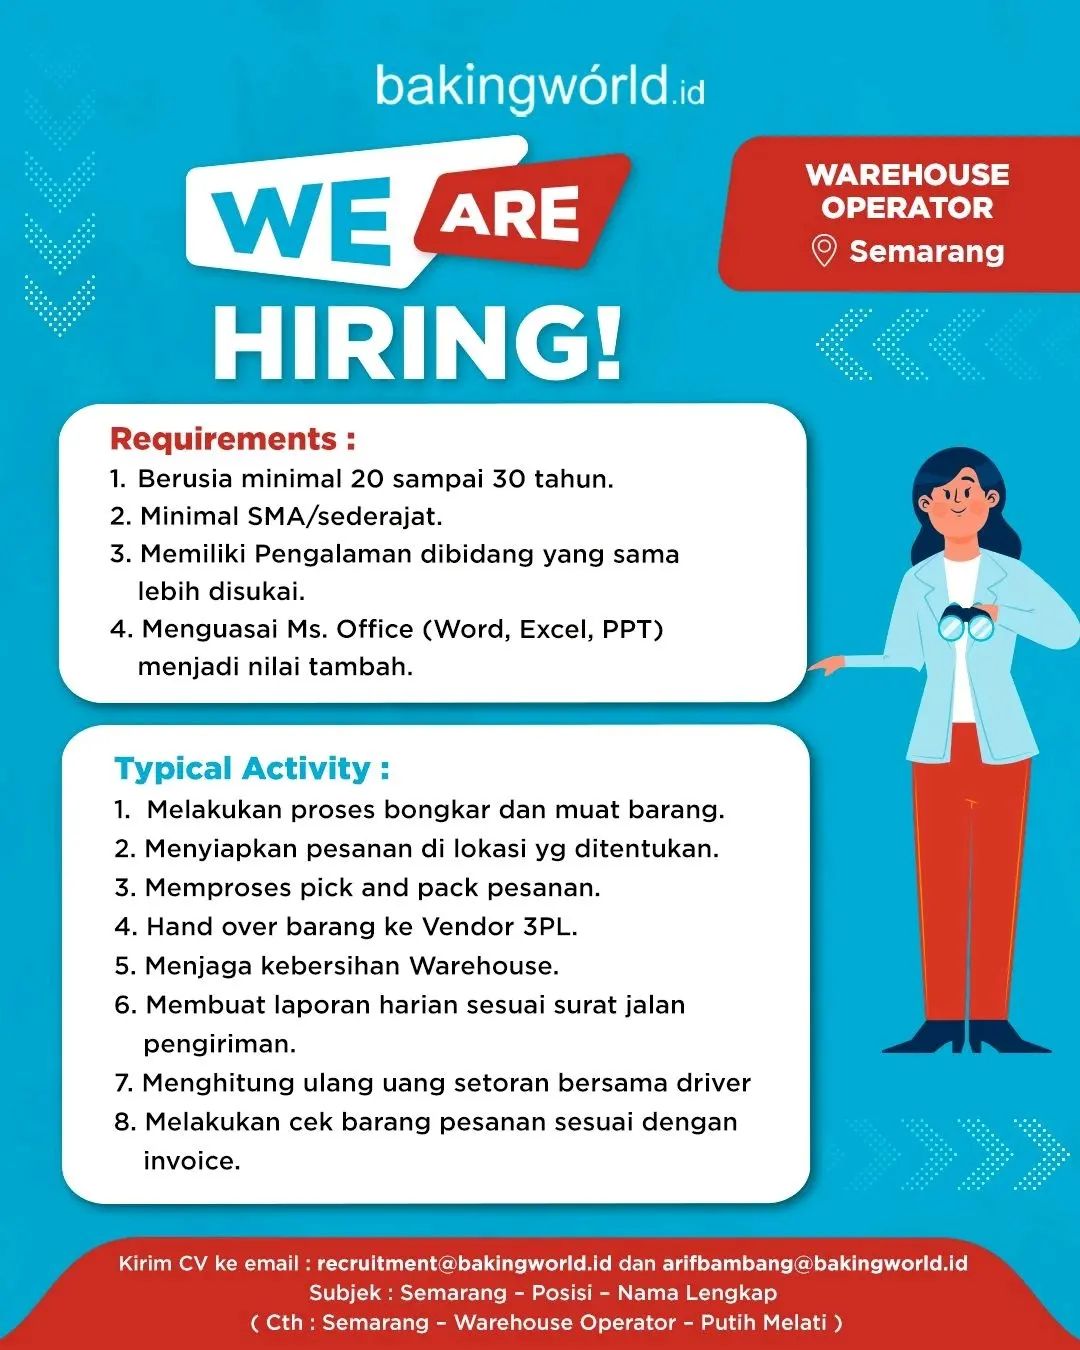 Lowongan Kerja Warehouse Operator di Bakingworld.id Semarang
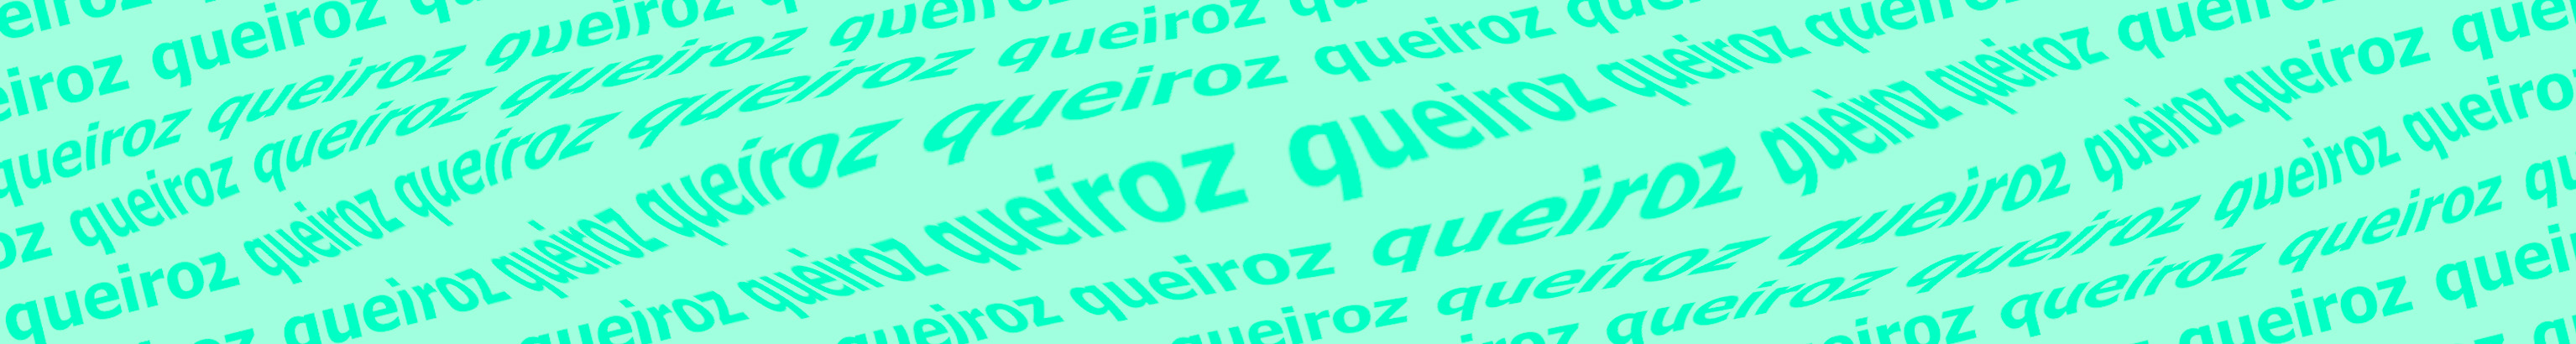 João Queiroz's profile banner
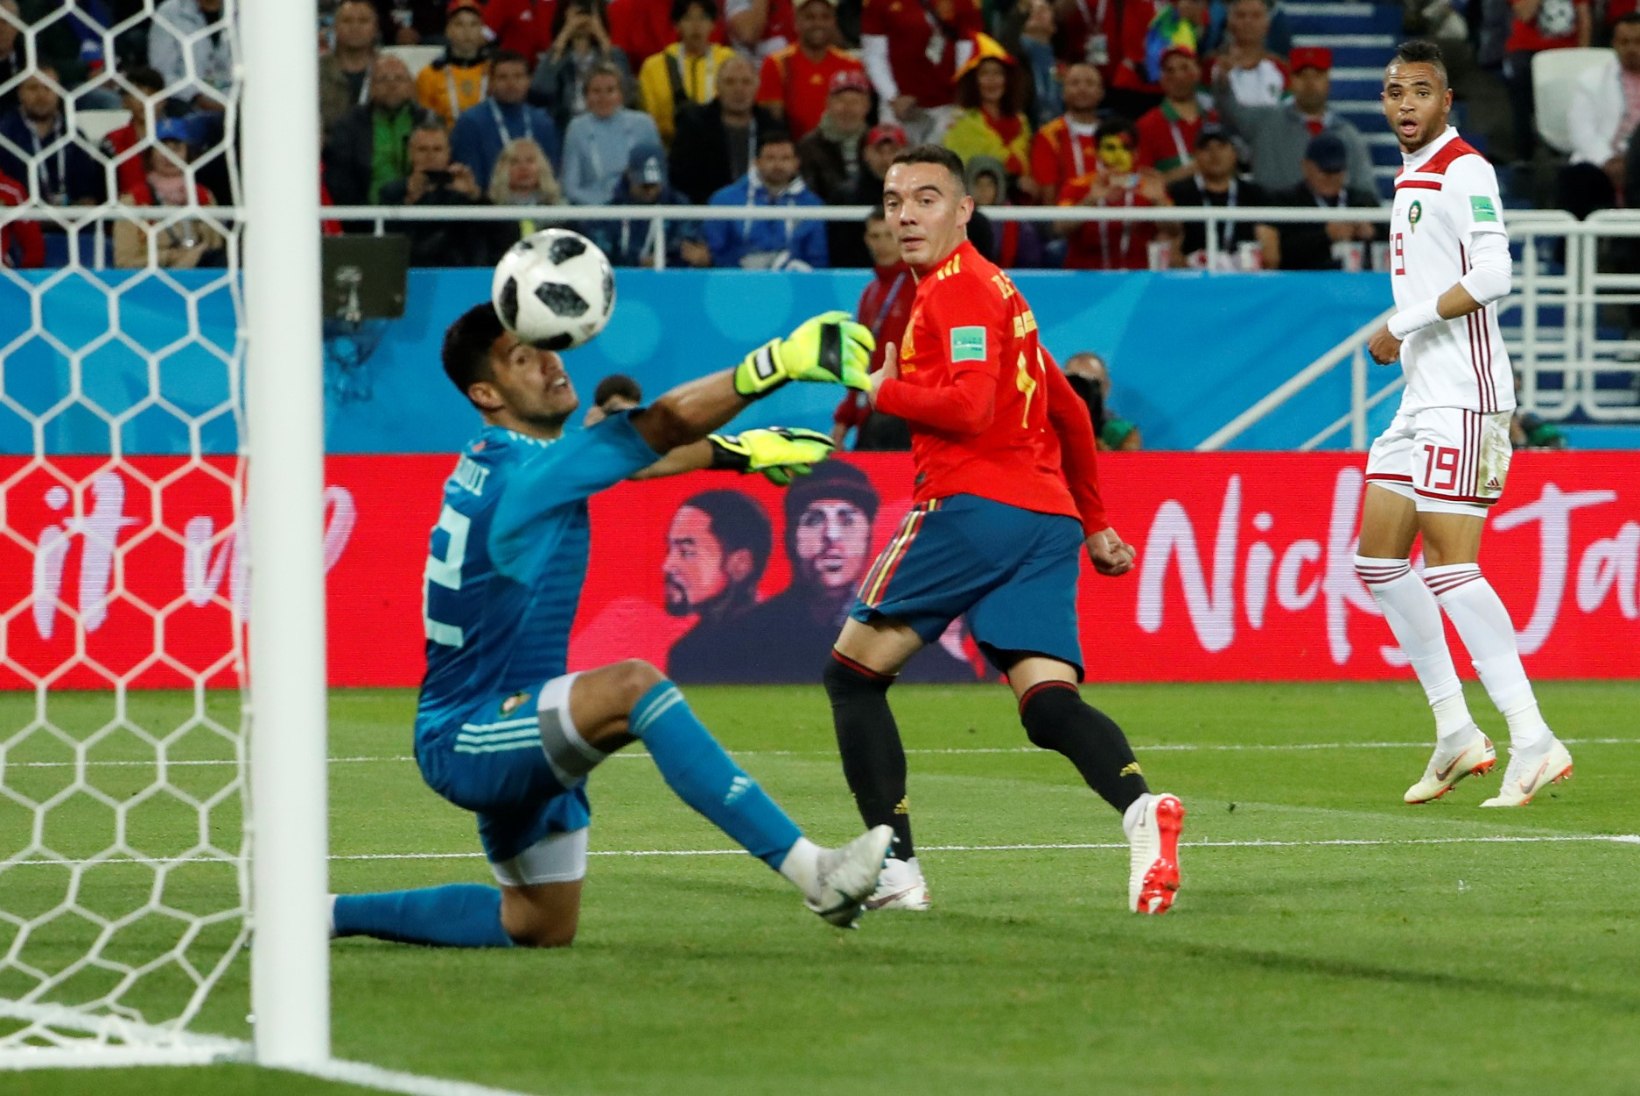 NII SEE JUHTUS | Jalgpalli MM: Hispaania võitis Portugali ees alagrupi tänu löödud väravate arvule

● Your assignment:
Starting with the line that holds "João Queiroz's profile banner", print each line through the last one of the data exactly as written, but do not include the pictures.

● Solution for this problem:
 João Queiroz's profile banner
 NII SEE JUHTUS | Jalgpalli MM: Hispaania võitis Portugali ees alagrupi tänu löödud väravate arvule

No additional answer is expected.